You would enjoy it best when it is served with fresh palm wine. Hmmm! I’d say you should check that out on your next visit to the East.
Meanwhile, the fresh Abacha (African salad) is a by-product of cassava. There are lots of processes involved with obtaining the ideal fresh Abacha. Not to worry, I can take you through this process just in a matter of minutes!
*3 cups Palm oil
*4 pieces Fresh fish (fried)
*2 stock Seasoning (Maggi/Knorr)
*1 teaspoon ground Ehu seeds (Calabash Nutmeg)
*Dry Pepper, (ground)
*4 Garden eggs
*1 tsp. potash (kaun)
*3 Utazi leaves (Gongronema latifolium)
*Garden egg leaves (Optional)
*Pomo / Kanda (cow skin)
*2 large Red Onions
*4 Handfuls of Abacha
*1 wrap of Ugba (Ukpaka)
* Stockfish (optional)
The first thing to do would be to get a bunch of freshly harvested cassava; that’s if you live in the village or own a farm.
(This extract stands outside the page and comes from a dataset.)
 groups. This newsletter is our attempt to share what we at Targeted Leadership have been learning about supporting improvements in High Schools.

The next is to wash your cassava thoroughly, add washed cassava in a sizable pot and boil with water for about twenty to thirty minutes then pill to remove the brown outer layer and cut to tiny bits. The sliced cassava is then soaked in water for about 20 hours or more. Finally, remove soaked cassava and wash thoroughly with clean water then sun-dry and store in an airtight seal.
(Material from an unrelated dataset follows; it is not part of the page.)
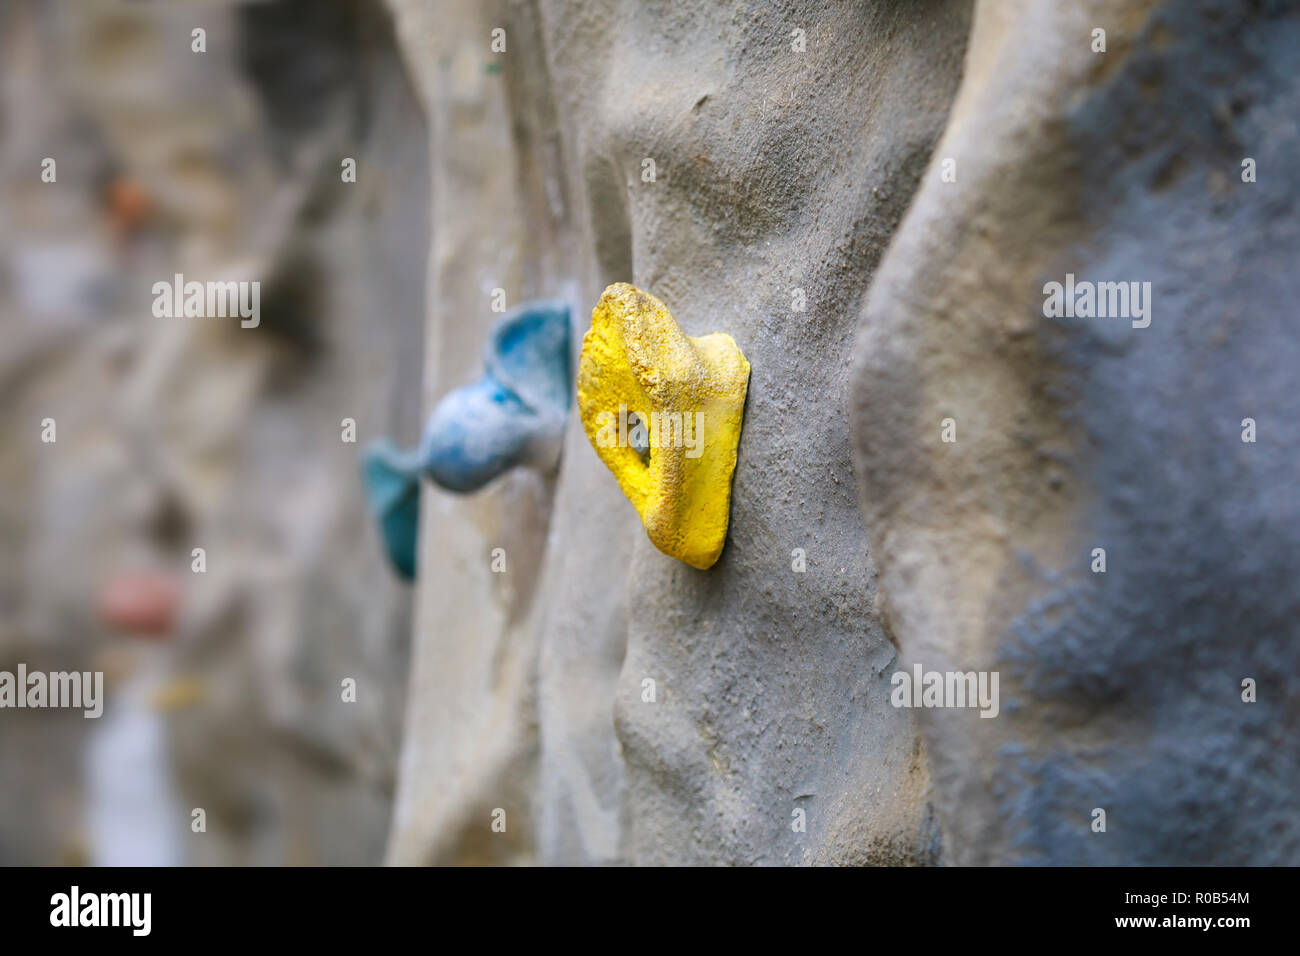 Artificial climbing wall with yellow grip Stock Photo

However, if you live in a developed city, then you really don’t need to go through this tiresome process, just purchase every single item on the ingredients cart from the market and get started!
- Soak your dried Abacha in a bowl of warm water for about 30 minutes till it’s soft, then drain
- Cook Kanda till it’s soft then cut into small cubes
- Wash Utazi, cut it and set aside
- Wash your fresh Garden eggs and Onions, dice them and set aside. Also cut the other bulb of onion in ring-like circles and set aside
- Mix potash in a bowl with a little warm water till it leaves a nice consistency.
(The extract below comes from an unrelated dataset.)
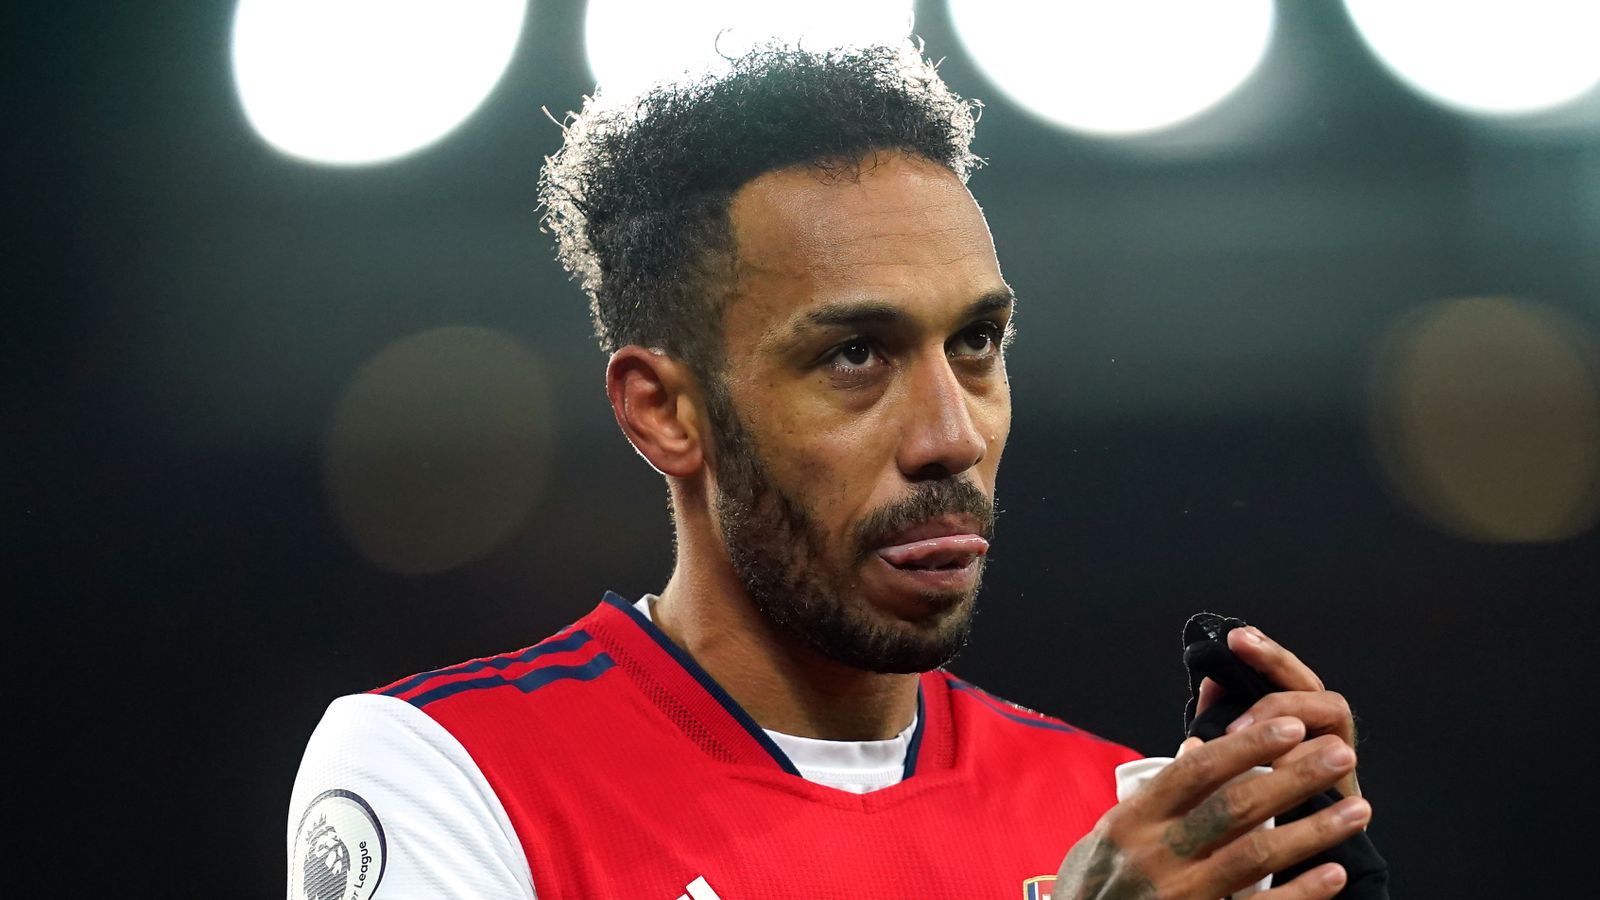 Pierre-Emerick Aubameyang: Arsenal to consider suitable offers for striker with a January transfer not ruled out

Mixing ingredients together
- In a sizable pot, pour palm oil and the potash mixture (ensure you don’t pour in the potash -residue along).
- Stir consistently till the palm-oil and potash mixture turn yellow paste
- Add the ground “ehu seasoning”, Ground pepper, diced onions, Crayfish and Ugba (Ukpaka), then stir very well till the mixture is well incorporated.
- Add the Iru/ogiri and diced kpomo and stir well
- Finally, gently add your soaked abacha into the mixture. Make sure you incorporate the whole mixture together.
- Finally, dress the ready to serve Abacha with sliced Utazi, (Its quite bitter so add as appropriate), and then add your garden eggs, onion rings, stock fish and fried fish for a perfect and irresistible taste.
Dried cassava chips can last more than a year if stored in an air tight container, which is the rewarding part if you choose to process your Abacha by yourself.